One issue of particular relevance has to do with the nature of the variable that defines the second hierarchical level (School in this example). It is especially important, when applying exploratory graphics that this variable been categorical or factor. This will succeed easily transforming this variable with as.factor( )

students$School= as.factor(students$School)

We want to model the mathematics performance of students (MathAch) from variables of students and schools. We have two types of schools gathered in the sector (public and Catholic) variable and we want first assess the importance of socioeconomic status (SES) on mathematics performance for both types of schools.

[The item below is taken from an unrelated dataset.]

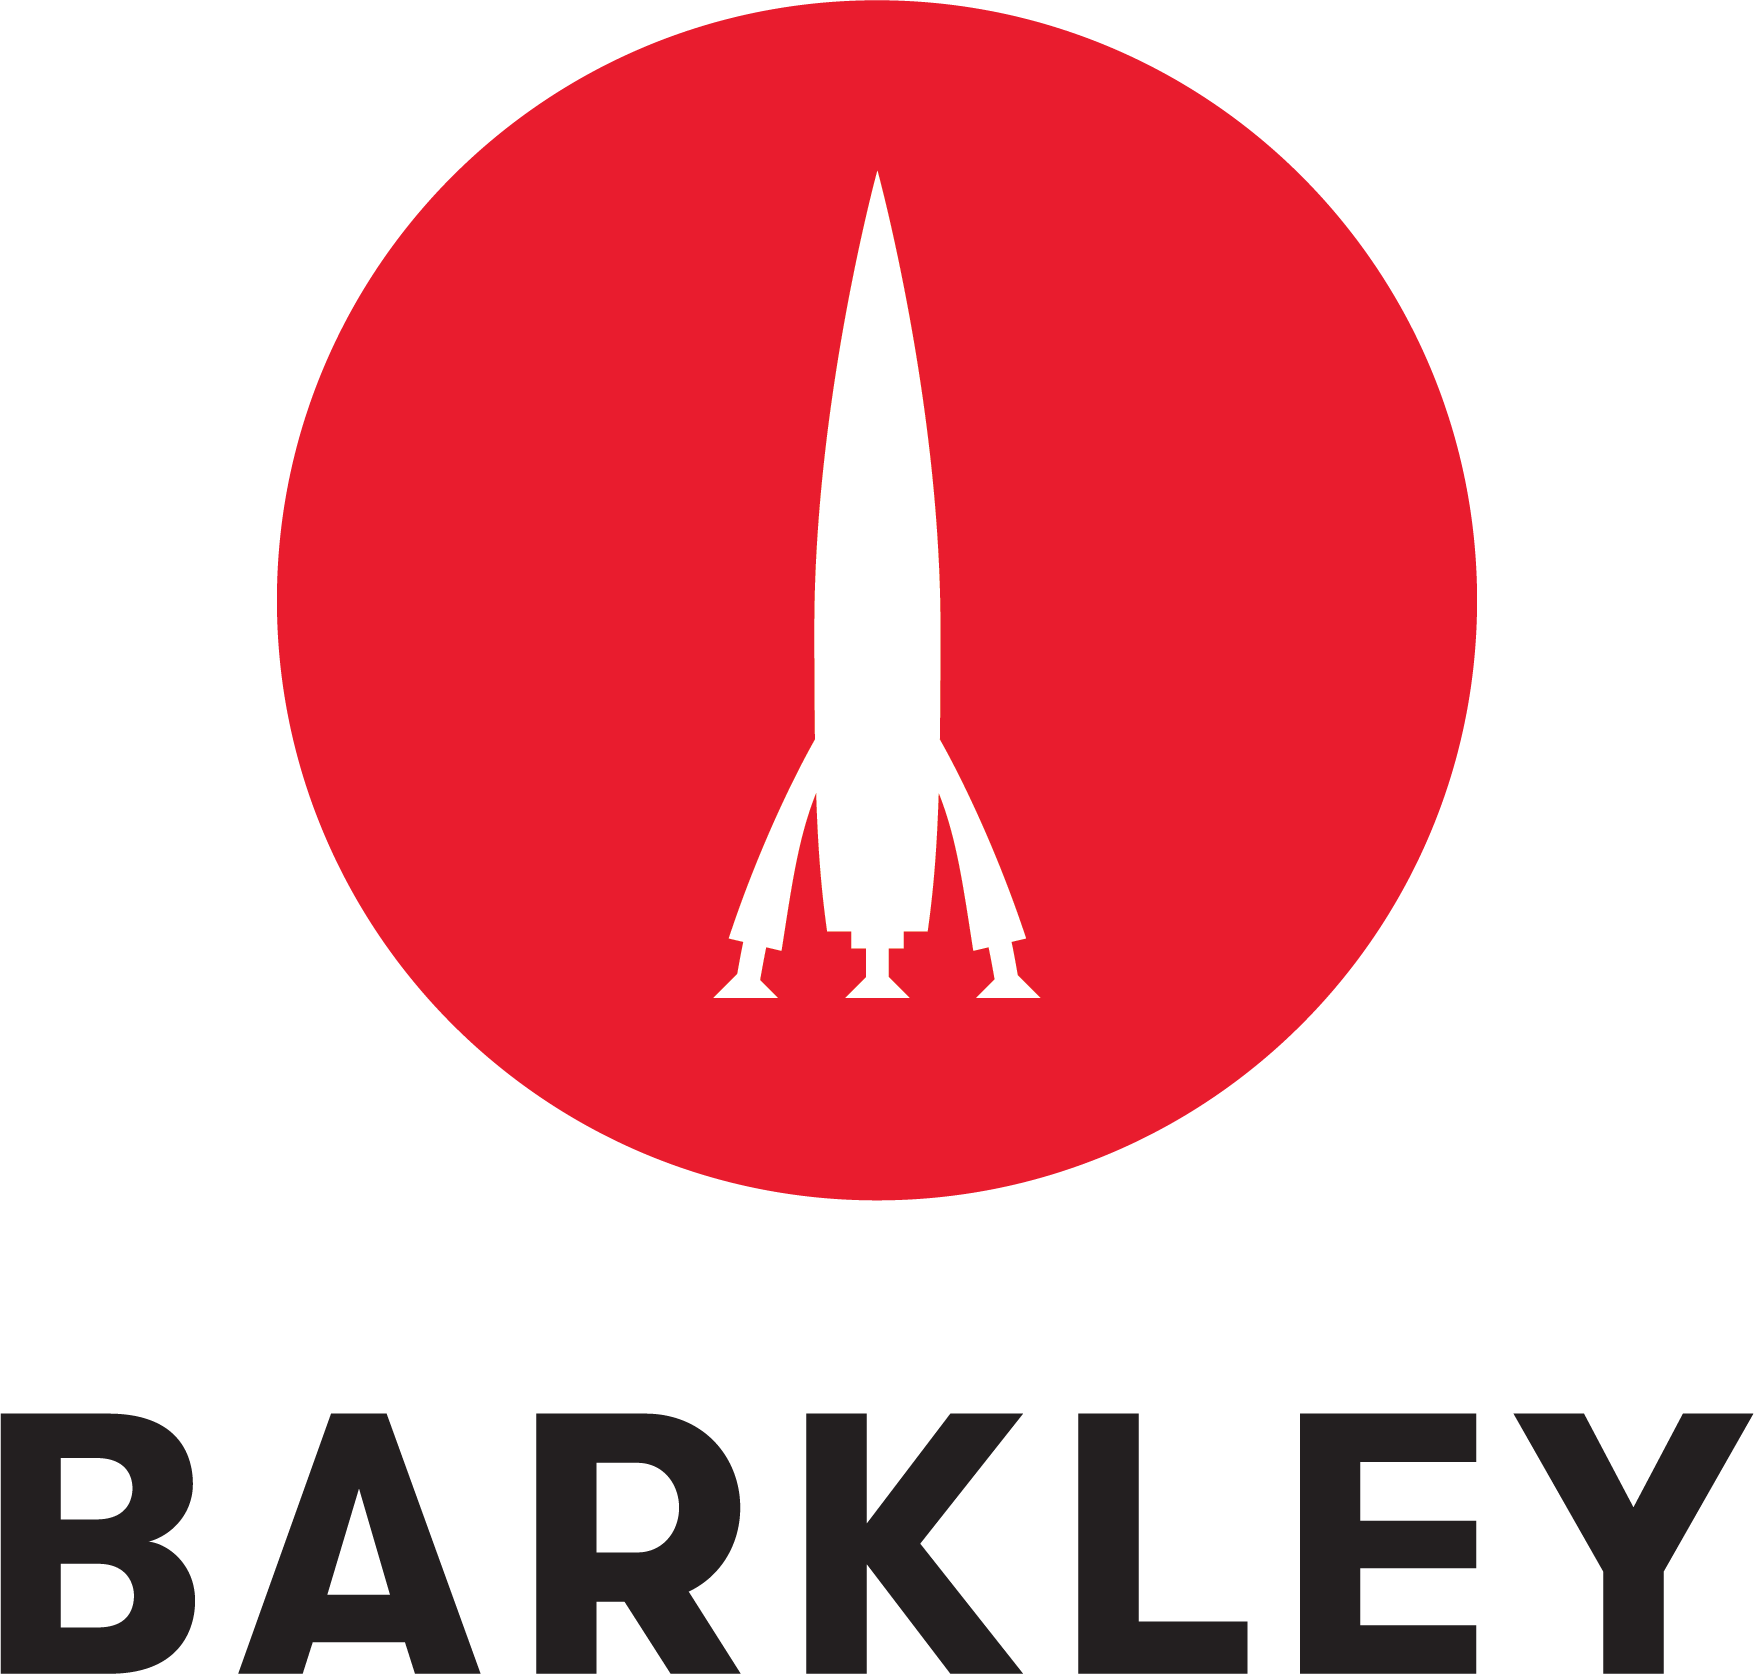 Barkley logo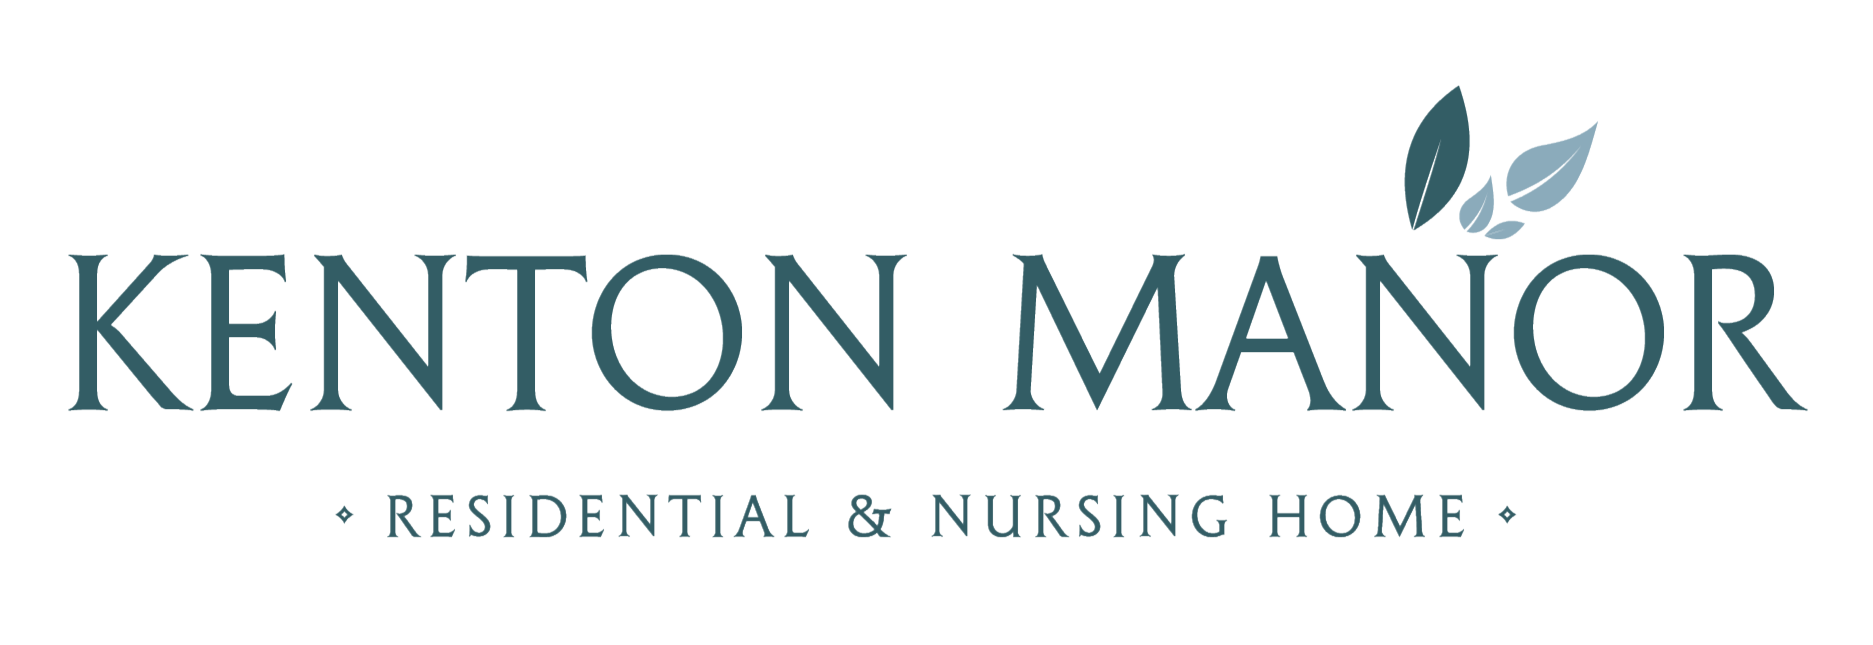 Kenton Manor Care Home logo

First we will assess an assumption of extraordinary importance in linear models, especially in mixed ones. We discussed the necessary linear relationship that should exist between the criterion and predictors variables. To do, we will ask for one panel plot that allows us to see that relationship for both types of schools (including Sector variable in by.panel argument).

panelplot.fnc(students, dv='MathAch',

which.factor='SES',

by.panel='Sector',

regression=T)

We see that the regression slope is more pronounced in public sector schools than in Catholics. It is time to ask whether this slope may have a random character through schools (second-level), or what is the same whether the effect of socioeconomic status on performance in math is different in each school. Since we have a lot of schools, it makes no sense to request a graphic panel generates many subplots as schools there. It is highly desirable to extract a random sample of 20 schools of both types of Sector variable. Use for this purpose the random.sample.fnc function.

my.sample = random.sample.fnc(students, which.factor='Sector',

n=20, ID='School')

#------------------------------------------------------------------

# EXTRACCION DE MUESTRA ALEATORIA

#------------------------------------------------------------------

*** Se ha extraido una muestra de 20 registros por cada nivel de Sector ***

For convenience, then create a list where public and Catholic schools will separate using split.by.factor.fnc.

by.sector= split.by.factor.fnc(my.sample,

which.factor='Sector')

#------------------------------------------------------------------

# DIVIDE LA BASE DE DATOS POR FACTOR

#------------------------------------------------------------------

*** Se ha creado una lista con 2 elementos, correspondientes a los niveles del factor Sector

*** Estos son los elementos de esa lista: Public Catholic

*** Si deseas acceder a uno de ellos indicalo mediante: nombre.de.la.lista$que.lista

*** donde que.lista se refiere al elemento que deseas extraer.

We can now apply for two graphics panel (one for each type of school) where we can evaluate the regression slope of mathematics performance of students with the socioeconomic status thereof. Unlike the previous graph the argument by.panel now has School variable as value. Let it will subgraphs or panels 20 (one for school).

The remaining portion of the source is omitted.